Выбрать главу

Серсея расспросила Нострадамуса о будущем, но тот ничего не видел ― какие-то смутные образы, незнакомые имена, лицо Сезара среди них. Самое главное, что увидел он ― торжество по поводу пятидесятилетия короля Франциска, и это окончательно успокоило Серсею. Она поняла, в чём была её лазейка ― не союз Марии и Франциска погубил бы брата, но его любовь к ней. Теперь же этой любви не суждено было сбыться. Генриху пришлось дать Лоле титул герцогини де Валентинуа и земли ― Серсея использовала на это своё желание, которое Генрих ей обещал, и ни о чём не жалела. Узнав об этом, Франциск ворвался к ней в покои, сорвал с кресла, где она сидела, и закрутил по комнате, радостно смеясь. Принцесса давно не видела брата таким счастливым. Потом дофин встал на колени и расцеловал ей руки.

С момента её родов началась настоящая благодать ― тишь и гладь.
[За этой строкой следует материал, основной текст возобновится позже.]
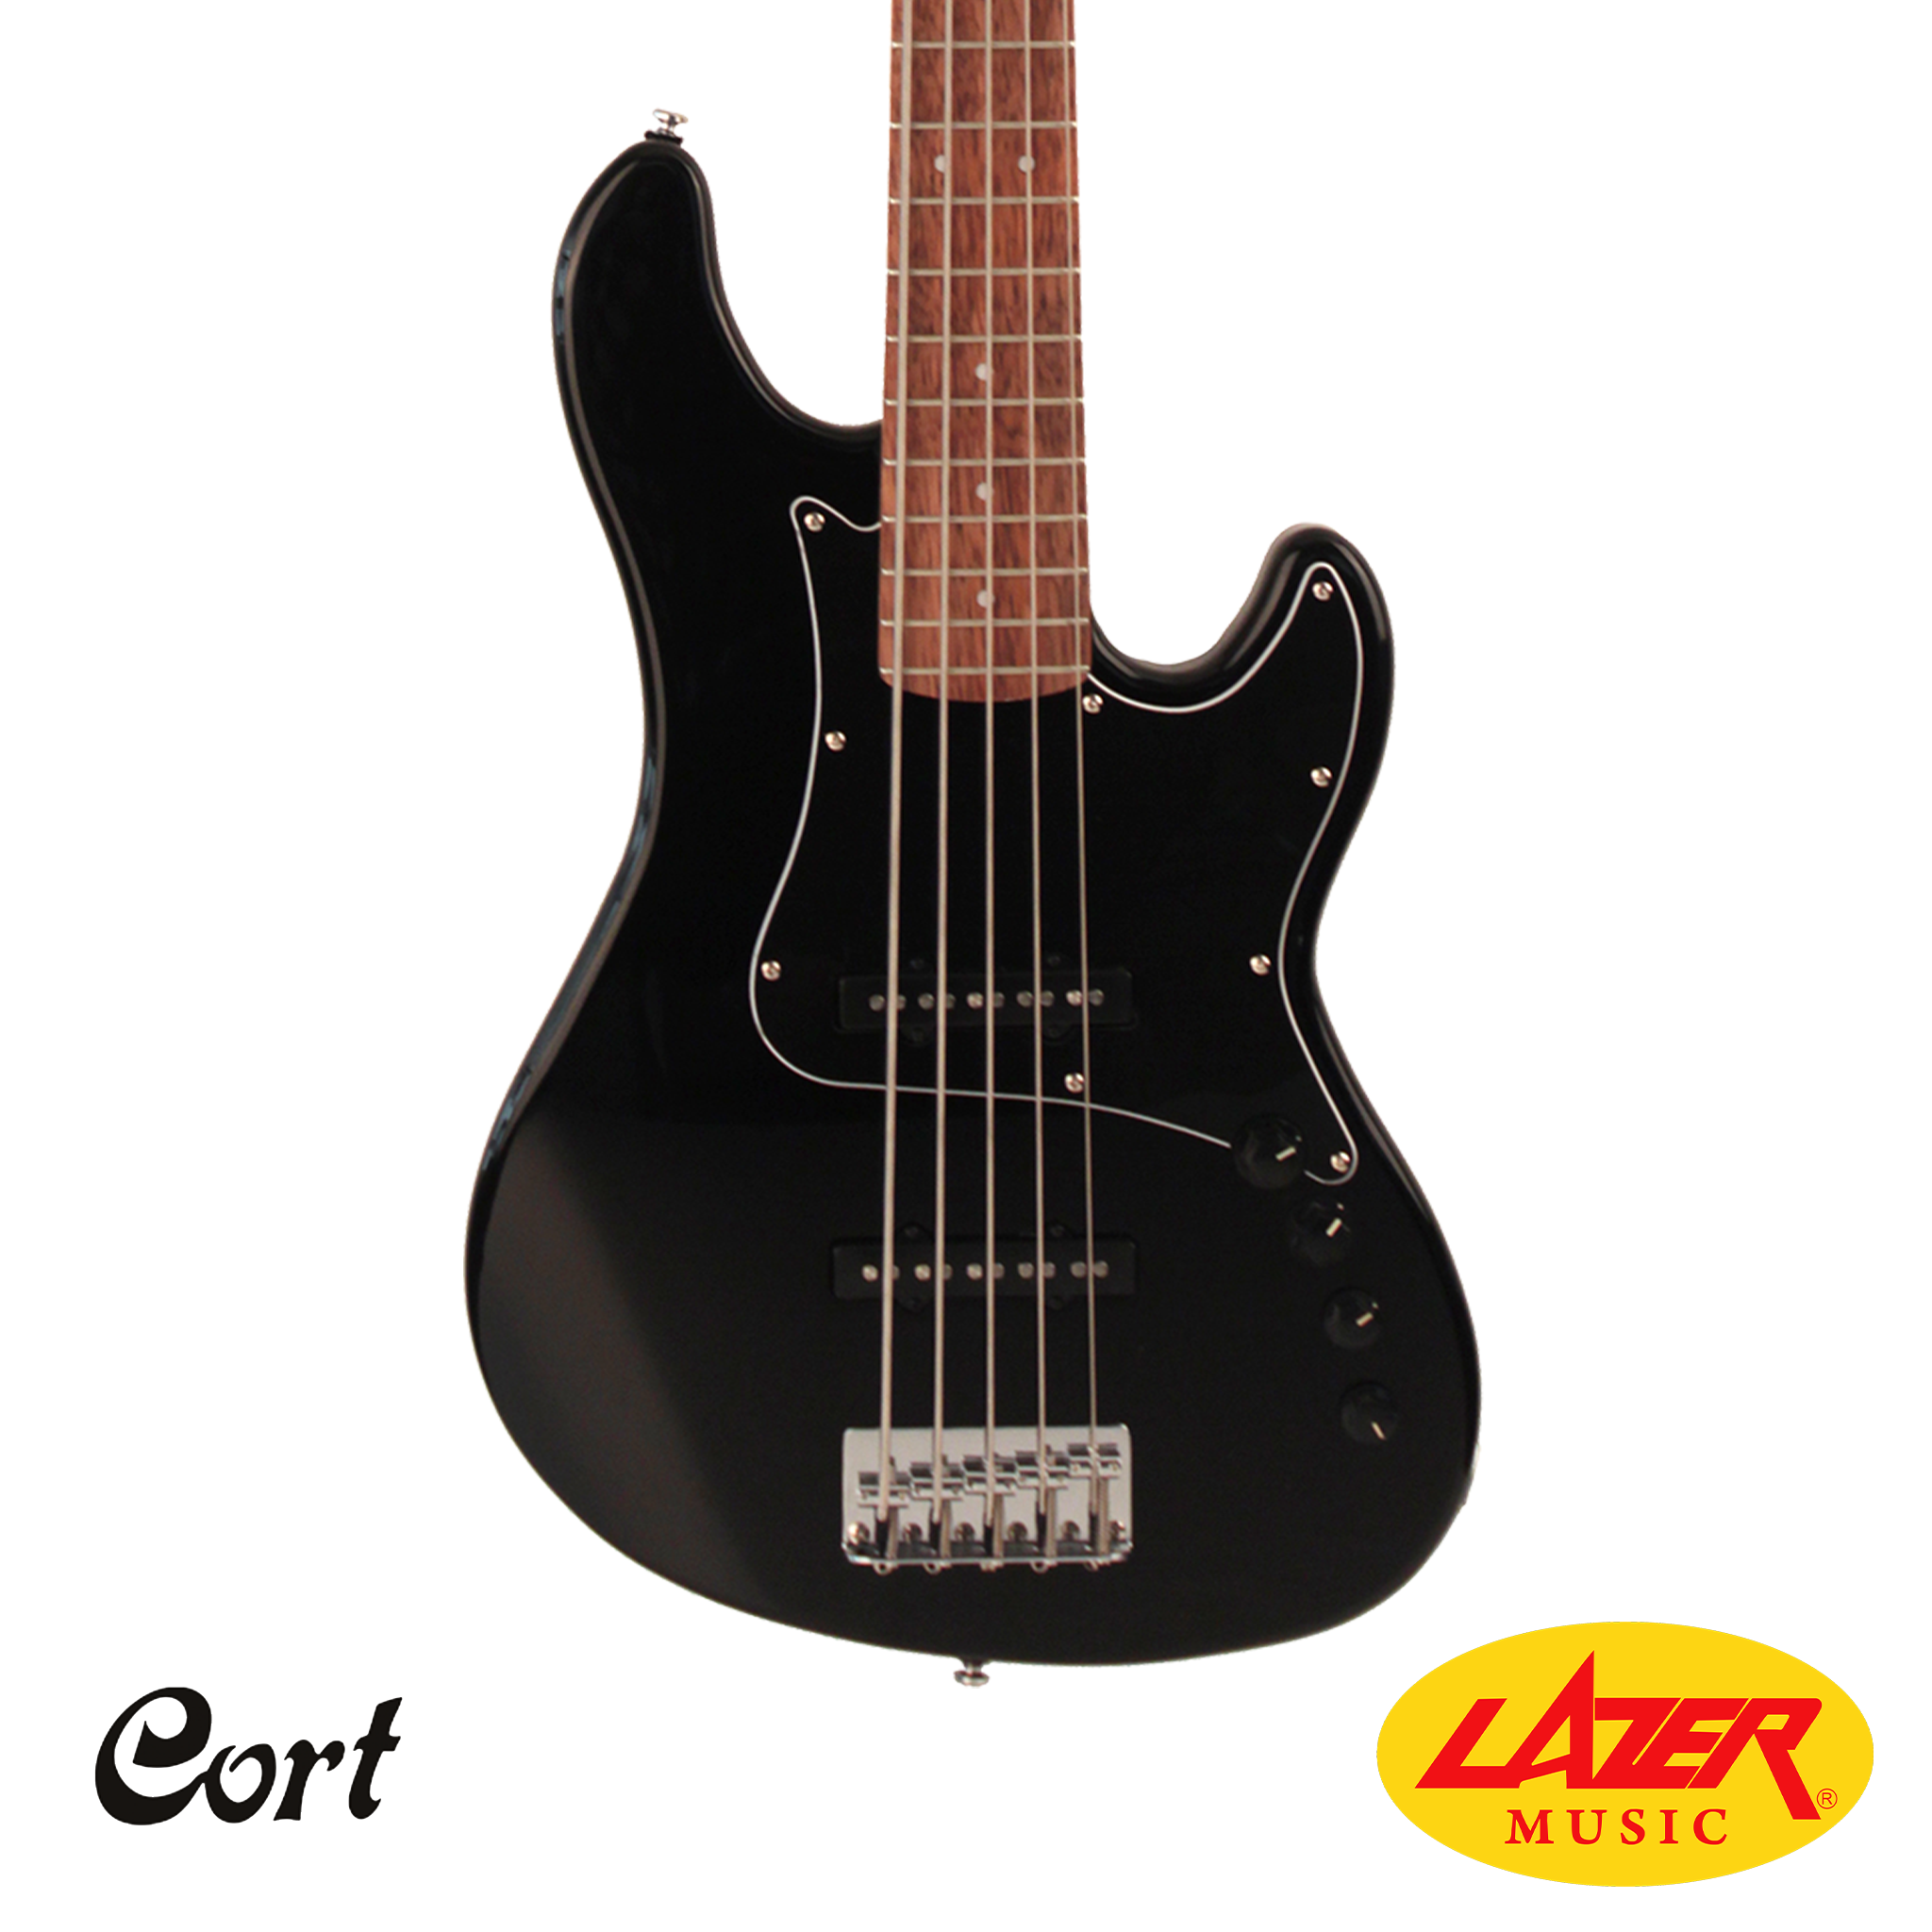 Guitare Basse CORT Cort bass guitar action PJ Achat / vente - LE

Её посещали как можно чаще почти все, но это Серсею уже не расстраивало. Лола заглядывала обычно после обеда, они вместе полдничали, и аристократка с удовольствием возилась с маленьким Сезаром. Генрих пытался заглянуть каждый вечер, если дела не мешали, но его визиты были краткими и строились в основном на том, чтобы справиться о здоровье дочери и внука лично у Серсеи и преподнести подарок: молодой матери или младенцу-внуку.

Сезар, казалось, был рад всем: он весело реагировал на каждое новое лицо, и Серсея облегчённо вздыхала, чувствуя, что её сыну действительно предначертана долгая жизнь, как и предсказал его отец.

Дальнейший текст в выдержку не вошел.